Work request:
For these records, count the lines containing the word "Poster" and respond with the number alone.

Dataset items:
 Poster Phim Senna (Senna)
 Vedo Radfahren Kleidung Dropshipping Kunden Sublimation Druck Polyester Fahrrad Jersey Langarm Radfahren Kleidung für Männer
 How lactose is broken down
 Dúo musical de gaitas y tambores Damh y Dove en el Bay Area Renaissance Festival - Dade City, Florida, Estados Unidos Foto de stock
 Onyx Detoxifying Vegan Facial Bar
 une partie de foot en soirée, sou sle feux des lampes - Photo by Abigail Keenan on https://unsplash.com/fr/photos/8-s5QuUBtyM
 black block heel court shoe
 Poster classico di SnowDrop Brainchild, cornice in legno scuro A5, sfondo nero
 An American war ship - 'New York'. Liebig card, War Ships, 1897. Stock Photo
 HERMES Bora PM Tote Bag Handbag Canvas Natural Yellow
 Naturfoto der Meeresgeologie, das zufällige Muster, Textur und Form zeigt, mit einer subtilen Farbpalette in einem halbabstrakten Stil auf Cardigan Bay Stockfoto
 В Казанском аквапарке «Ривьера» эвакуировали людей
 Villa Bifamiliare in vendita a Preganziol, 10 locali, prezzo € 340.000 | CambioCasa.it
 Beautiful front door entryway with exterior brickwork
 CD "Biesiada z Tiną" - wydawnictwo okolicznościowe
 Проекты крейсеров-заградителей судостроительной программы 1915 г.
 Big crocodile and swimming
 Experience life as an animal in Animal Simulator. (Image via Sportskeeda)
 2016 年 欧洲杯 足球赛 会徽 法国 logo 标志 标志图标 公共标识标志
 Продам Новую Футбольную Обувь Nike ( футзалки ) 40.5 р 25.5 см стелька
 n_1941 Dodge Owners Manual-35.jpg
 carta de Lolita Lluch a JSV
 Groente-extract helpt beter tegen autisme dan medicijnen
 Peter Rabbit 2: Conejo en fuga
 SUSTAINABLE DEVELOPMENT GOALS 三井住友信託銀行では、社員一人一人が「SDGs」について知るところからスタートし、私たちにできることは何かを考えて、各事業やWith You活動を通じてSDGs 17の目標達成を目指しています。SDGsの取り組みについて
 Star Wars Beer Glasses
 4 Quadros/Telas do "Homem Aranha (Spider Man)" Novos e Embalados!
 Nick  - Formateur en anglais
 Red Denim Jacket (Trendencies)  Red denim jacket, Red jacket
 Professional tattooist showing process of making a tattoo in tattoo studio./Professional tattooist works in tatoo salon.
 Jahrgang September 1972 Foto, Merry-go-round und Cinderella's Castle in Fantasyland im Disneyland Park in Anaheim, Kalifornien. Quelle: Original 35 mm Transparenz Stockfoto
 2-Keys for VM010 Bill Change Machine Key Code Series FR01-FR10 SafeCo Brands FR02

Solution to the problem:
2